Quote the listing below in its entirety, omitting every image.

• Supplied information

==================================================

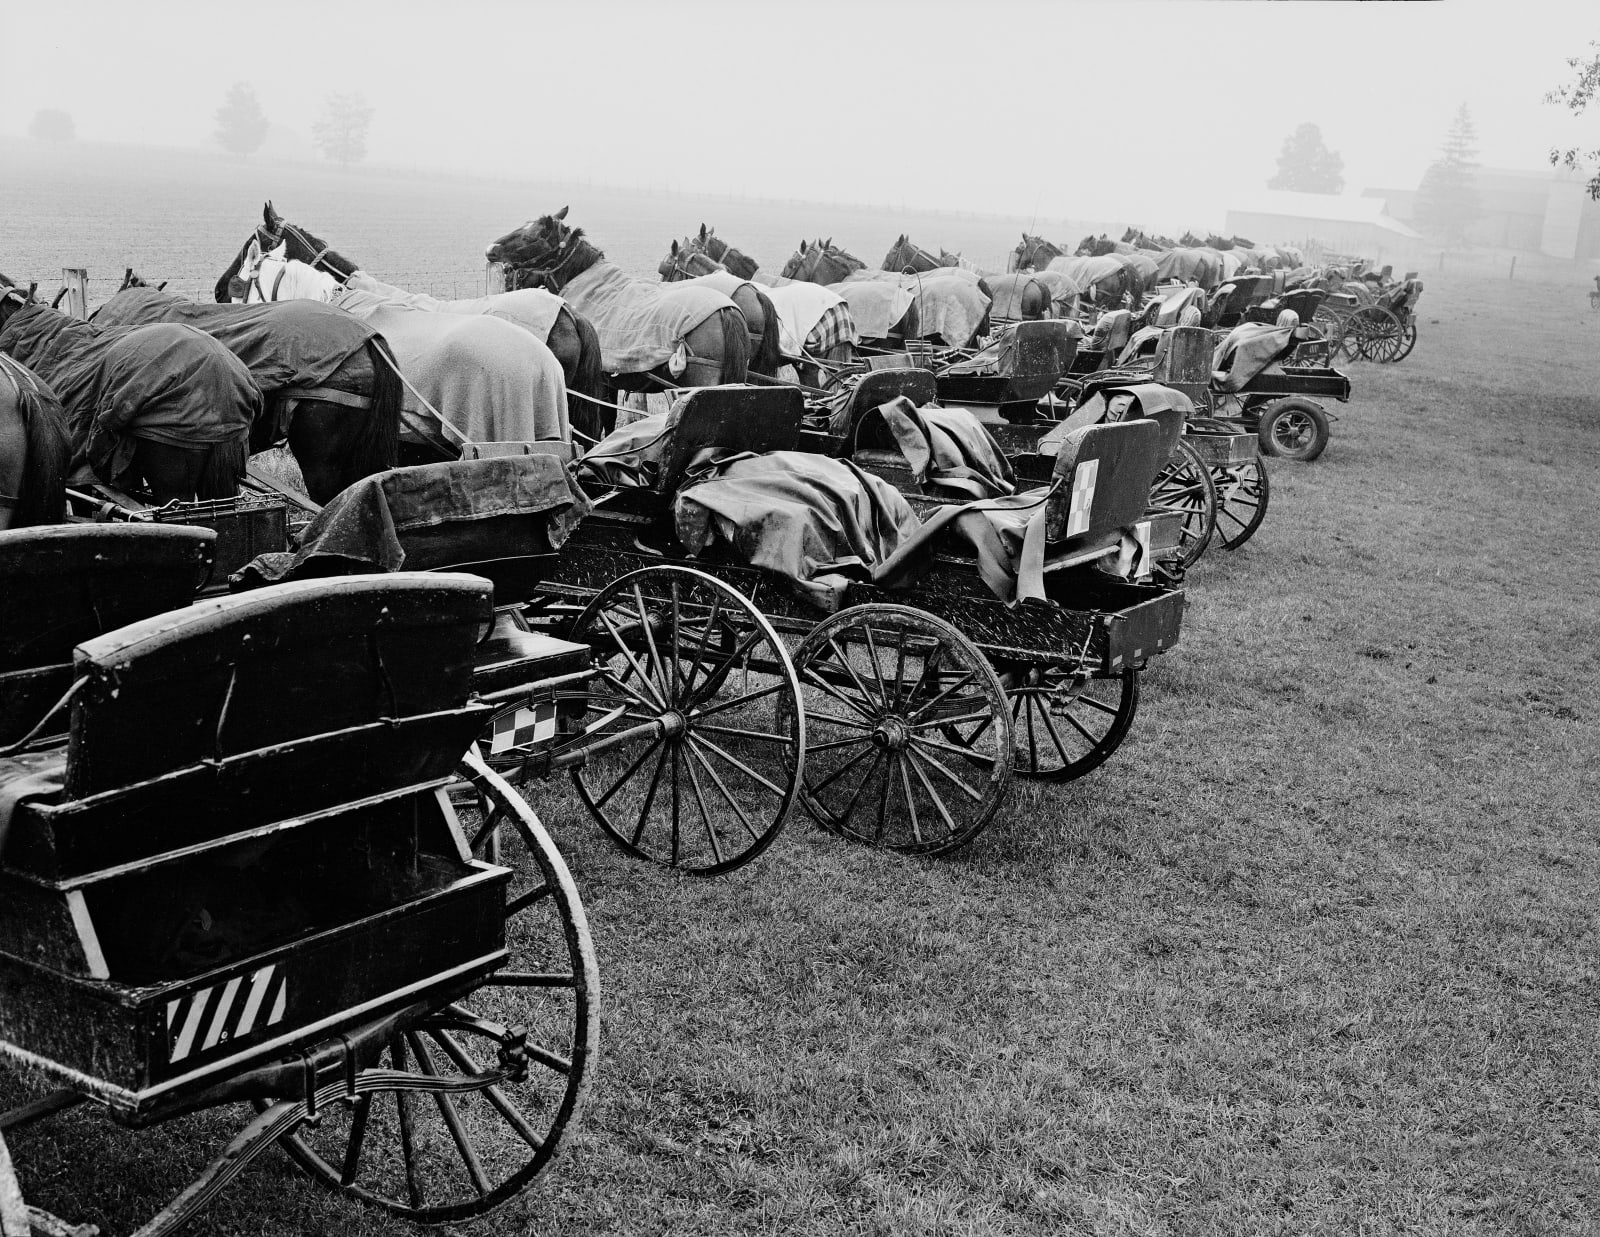 DAVID L. HUNSBERGER, Horse and Carriage, 1954
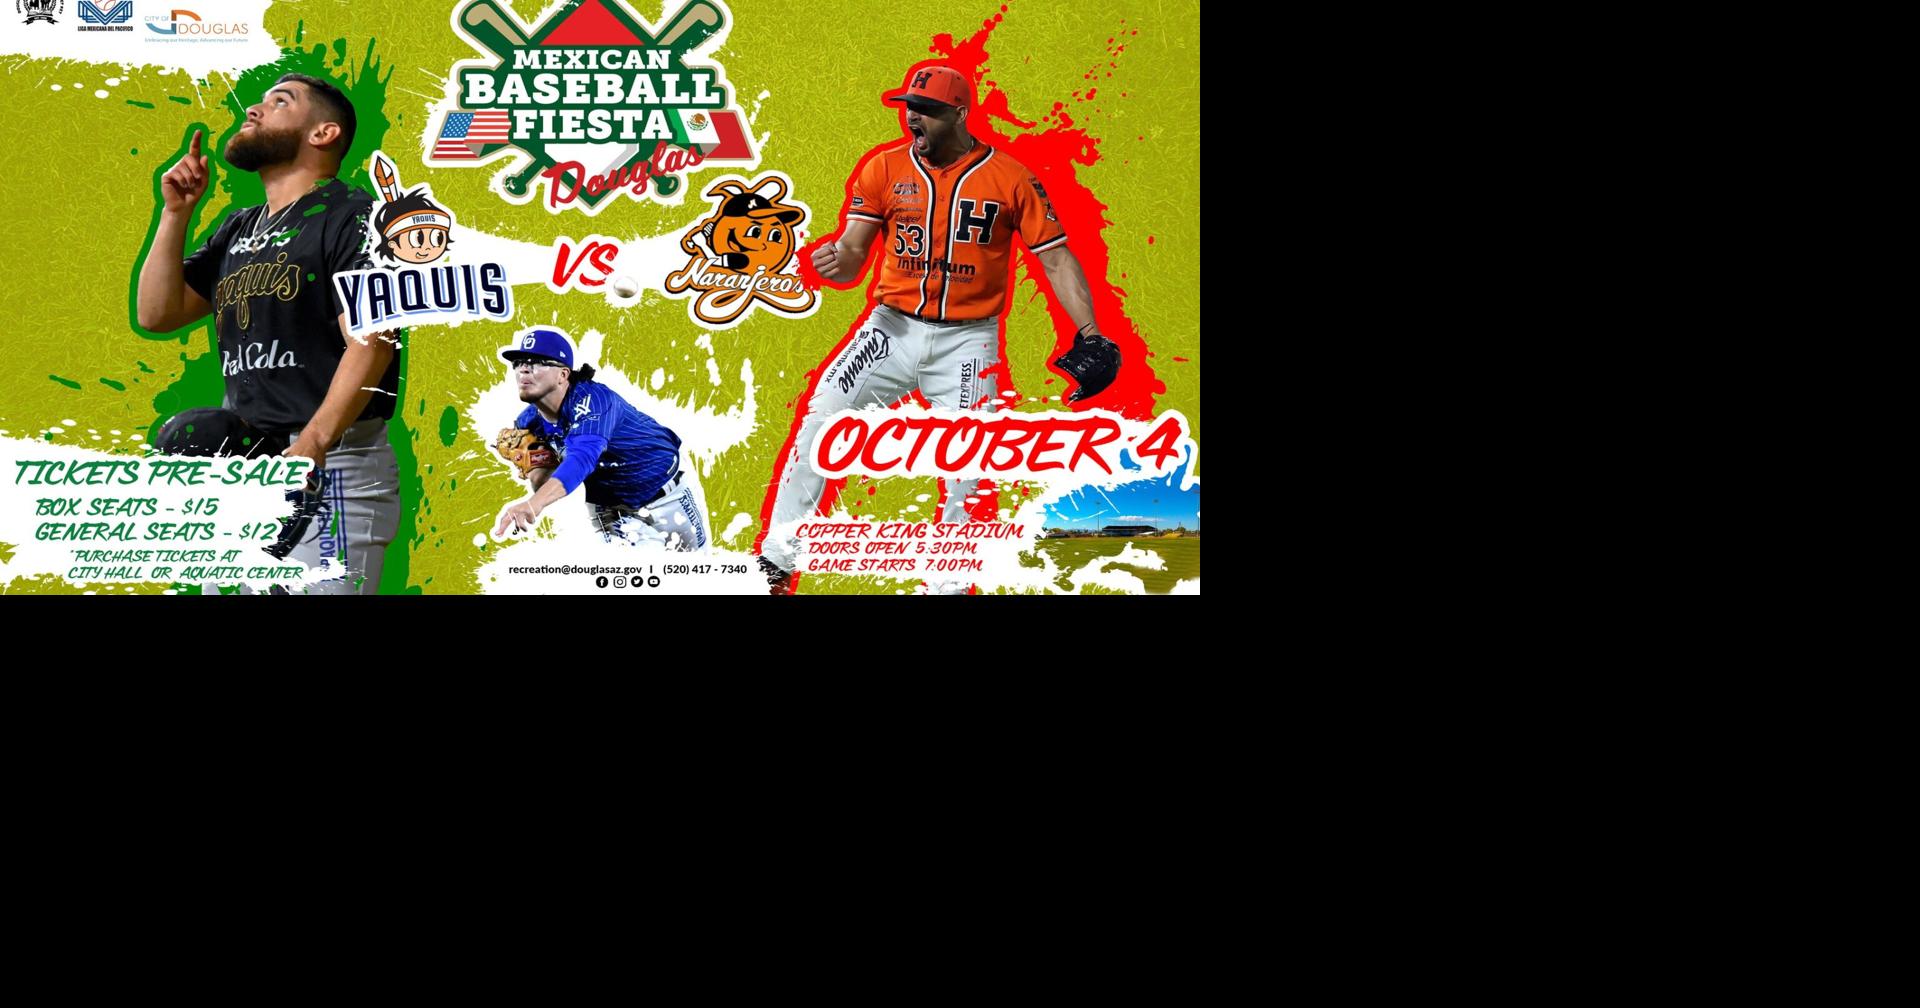 Tickets on sale for Mexican Baseball Fiesta in Douglas, Sports
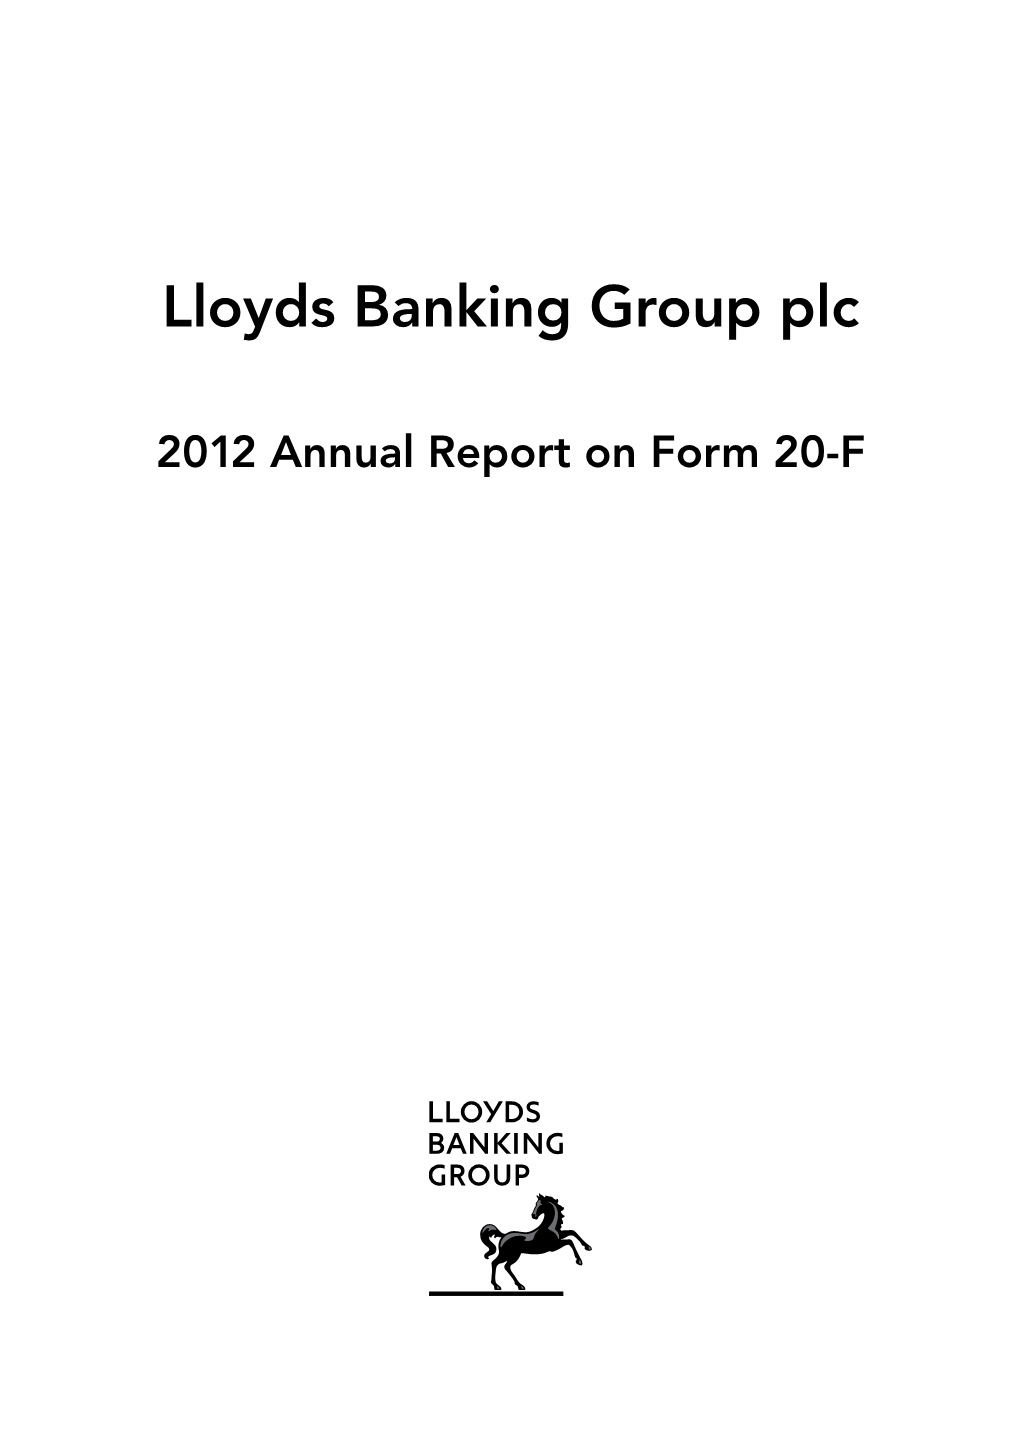 Form 20F (SEC Filing) 2012

==================================================

• Answer section
 DAVID L. HUNSBERGER, Horse and Carriage, 1954
 Tickets on sale for Mexican Baseball Fiesta in Douglas, Sports
 Form 20F (SEC Filing) 2012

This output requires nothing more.